Source data:

• • • •

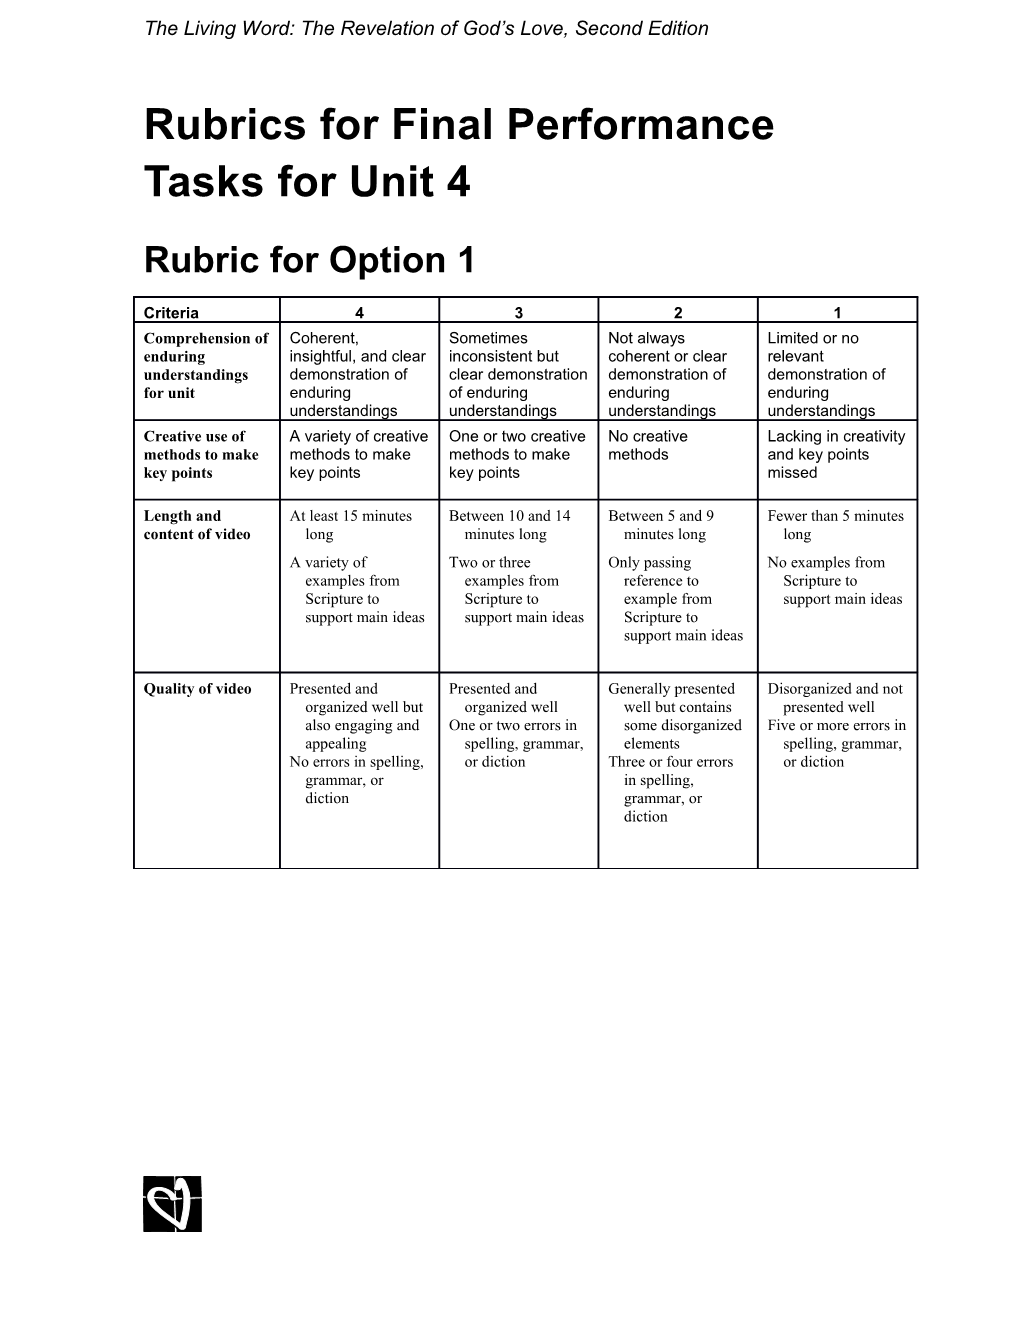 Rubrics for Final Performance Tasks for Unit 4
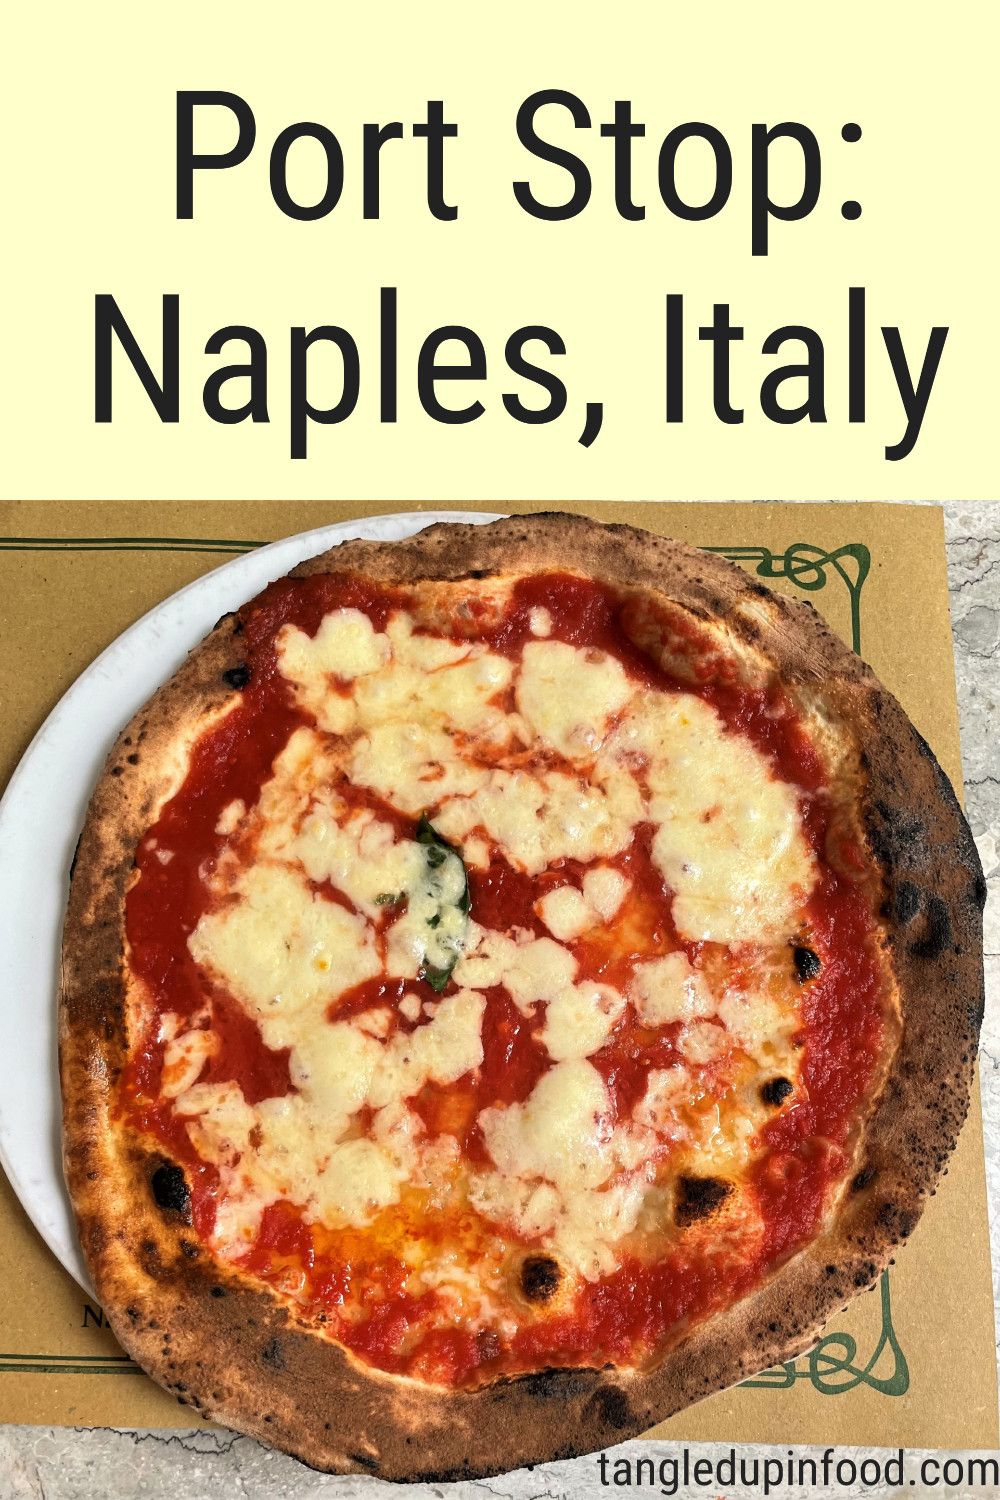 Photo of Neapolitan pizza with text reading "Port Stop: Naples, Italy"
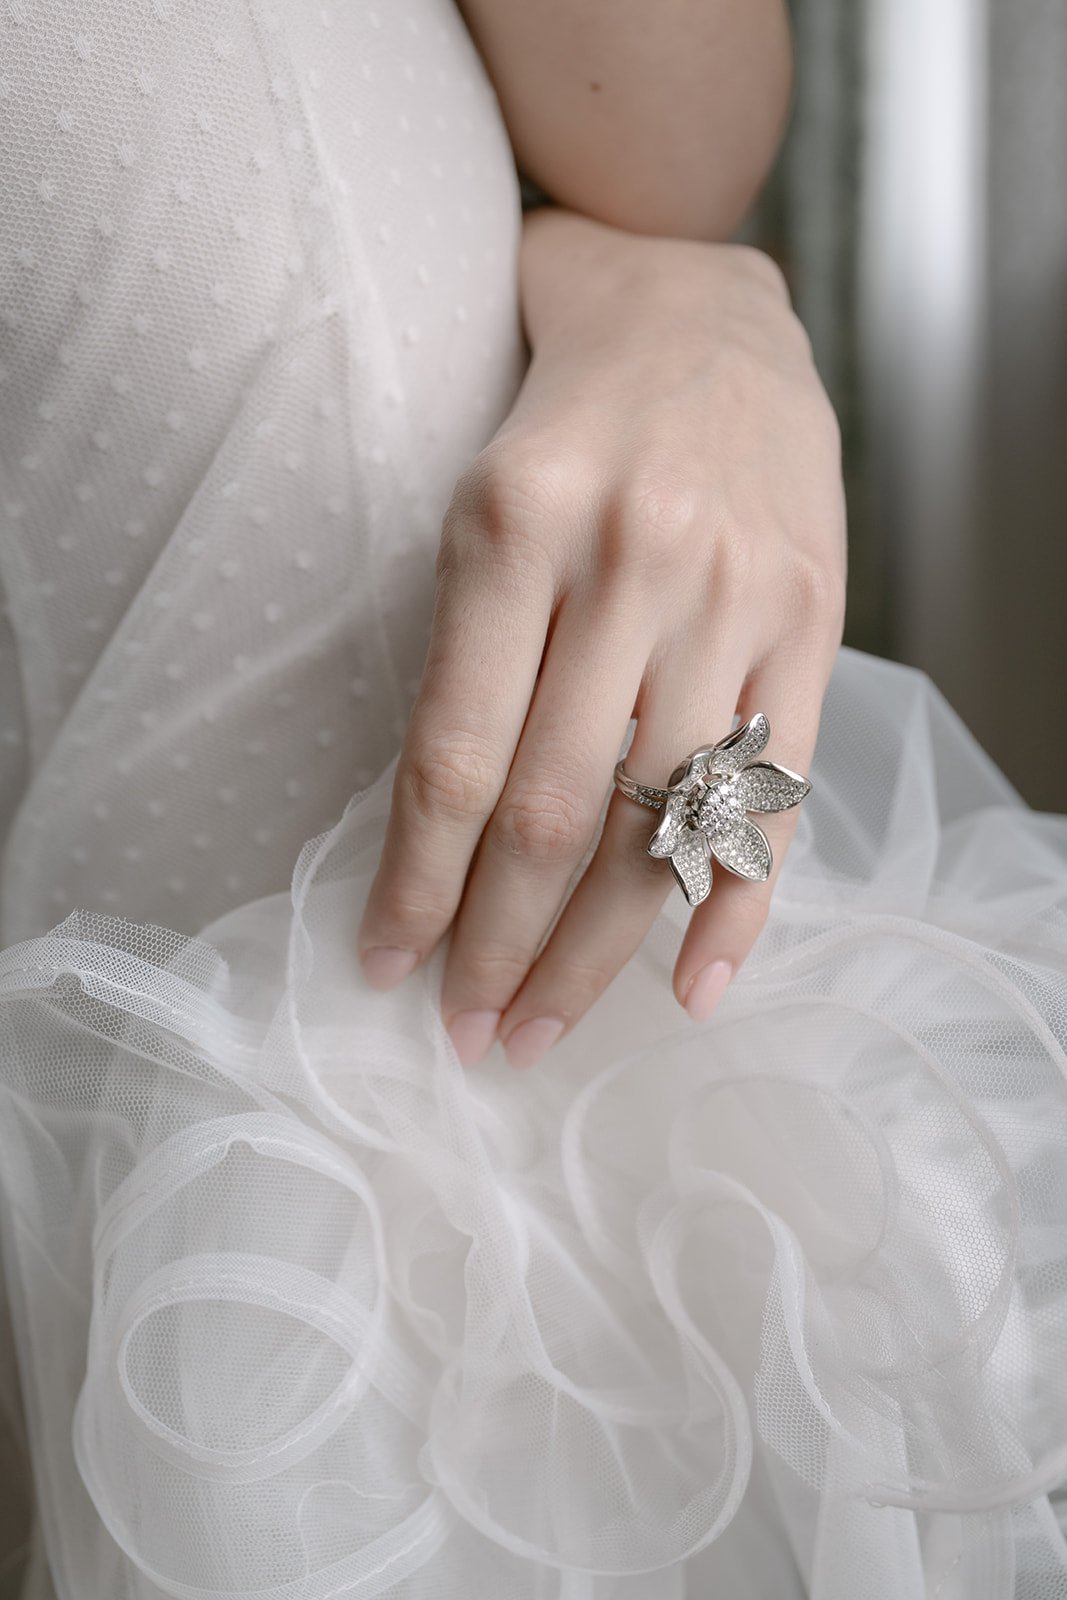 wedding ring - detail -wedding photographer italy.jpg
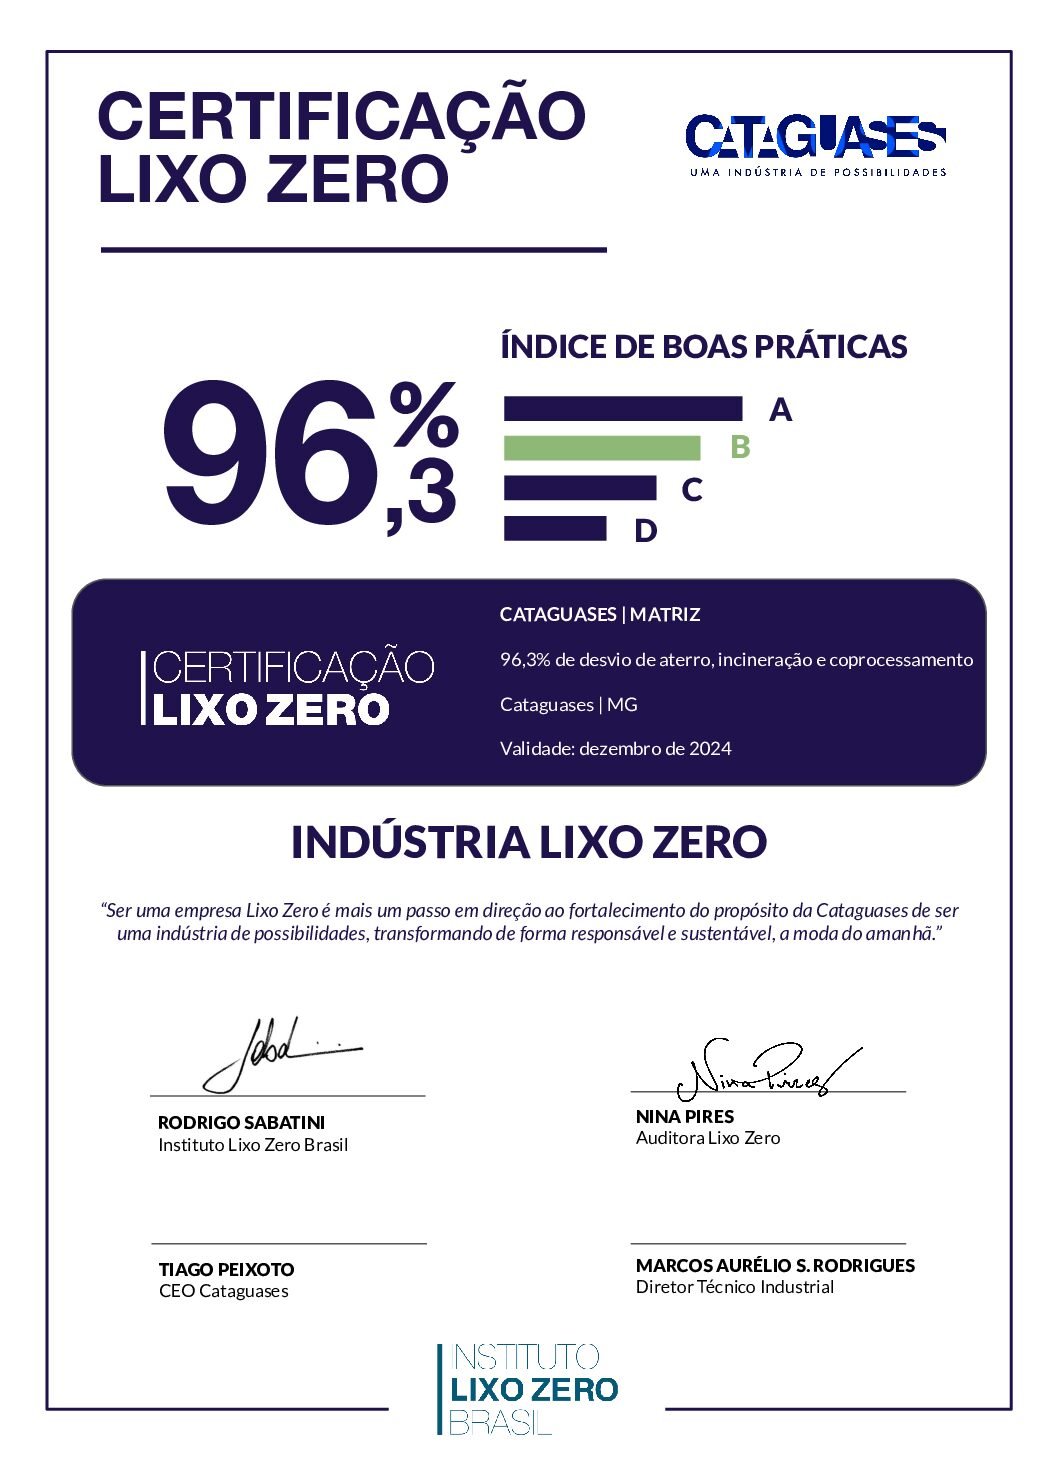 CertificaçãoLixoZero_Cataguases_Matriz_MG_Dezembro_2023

• • • •

Task item:
Once you find the line with "wedding ring - detail", restate it and every later line of the data word for word, excluding the pictures.

Expected output:
 wedding ring - detail -wedding photographer italy.jpg
 CertificaçãoLixoZero_Cataguases_Matriz_MG_Dezembro_2023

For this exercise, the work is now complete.